Selective enrichment of phosphopeptides by porous SnO2 (#24)
As one of the most important post-translational modifications, protein phosphorylation regulates various biological functions and involves in several diseases including cancer. While phosphoproteomics attracts increasing interest, the detection of phosphorylated proteins/peptides by mass spectrometry (MS) is still challenging due to their low abundance, high dynamic range and poor ionization efficiency. Currently metal oxide affinity chromatography (MOAC) is considered more applicable compared to other pre-treatment strategies. Various metal oxides have been proposed as affinity probes (APs), and among them SnO2 is considered as a selective and effective material.

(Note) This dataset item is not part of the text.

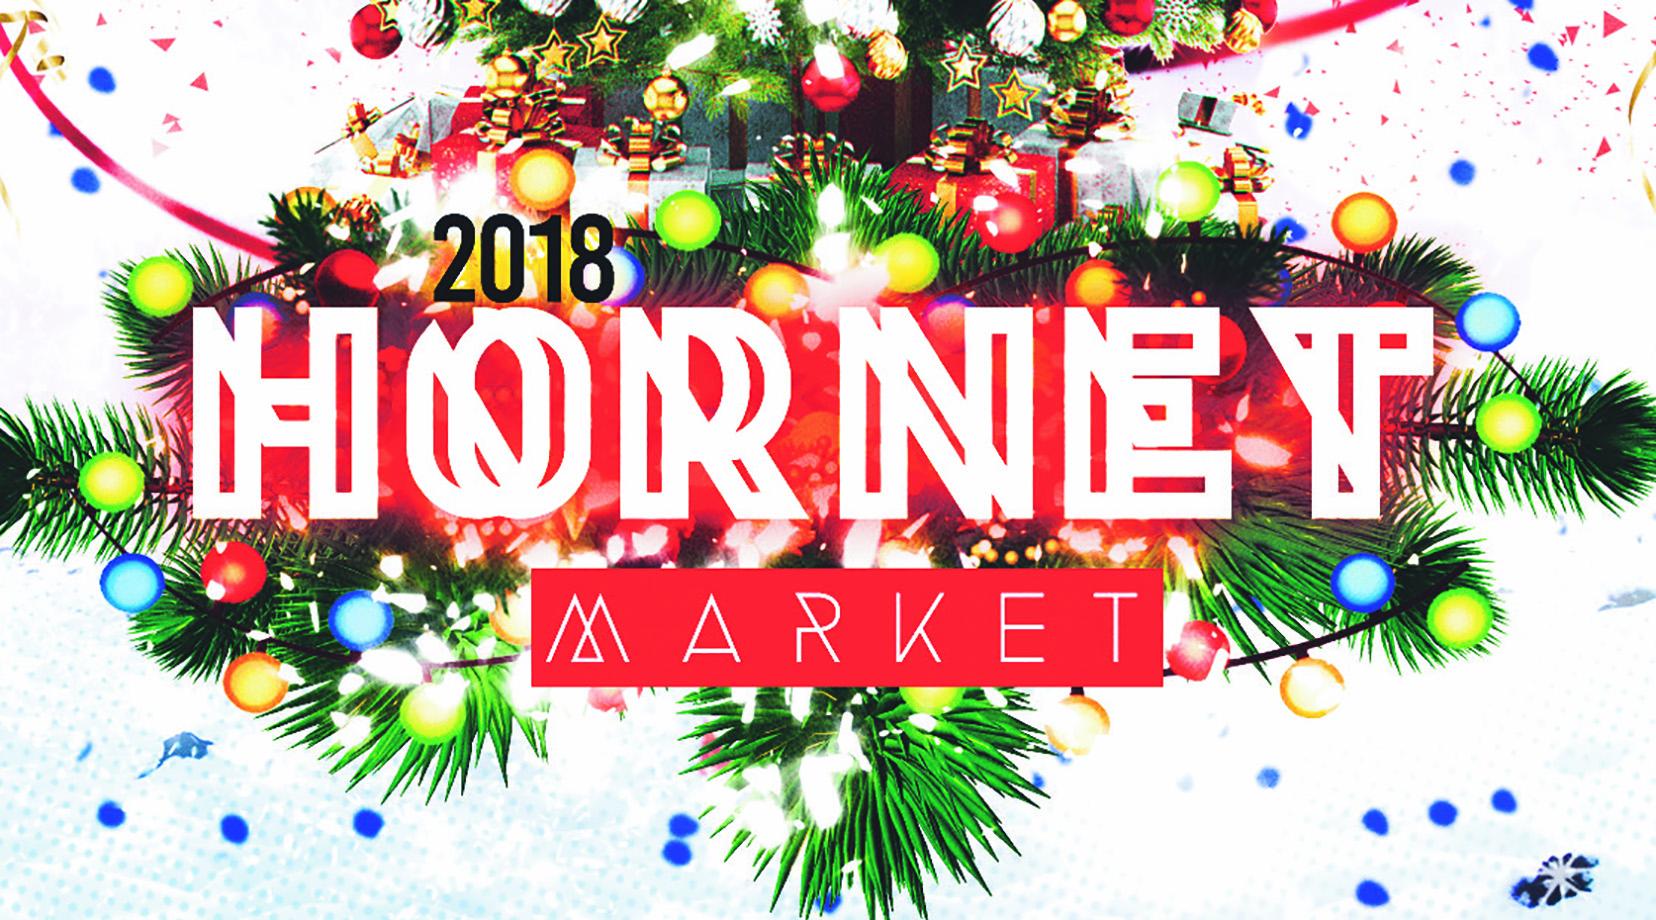 2018 Hornet Market

Recently we applied porous SnO2 spheres with large surface area and high activity on phosphopeptide enrichment, and compared their performance with non-porous SnO2 and commercial TiO2. In a typical enrichment process the protein digests were incubated with the MOAC materials in a batch mode, and then the eluted peptides were analyzed by MALDI-TOF MS (matrix-assisted laser desorption/ionization-time of flight mass spectrometry). The mass spectra showed that better results could be obtained using porous SnO2 in both sensitivity and real sample analysis. For tryptic digests of β-casein, when the concentration was as low as 4×10-10 M, three phosphopeptides can still be detected after enrichment by porous SnO2.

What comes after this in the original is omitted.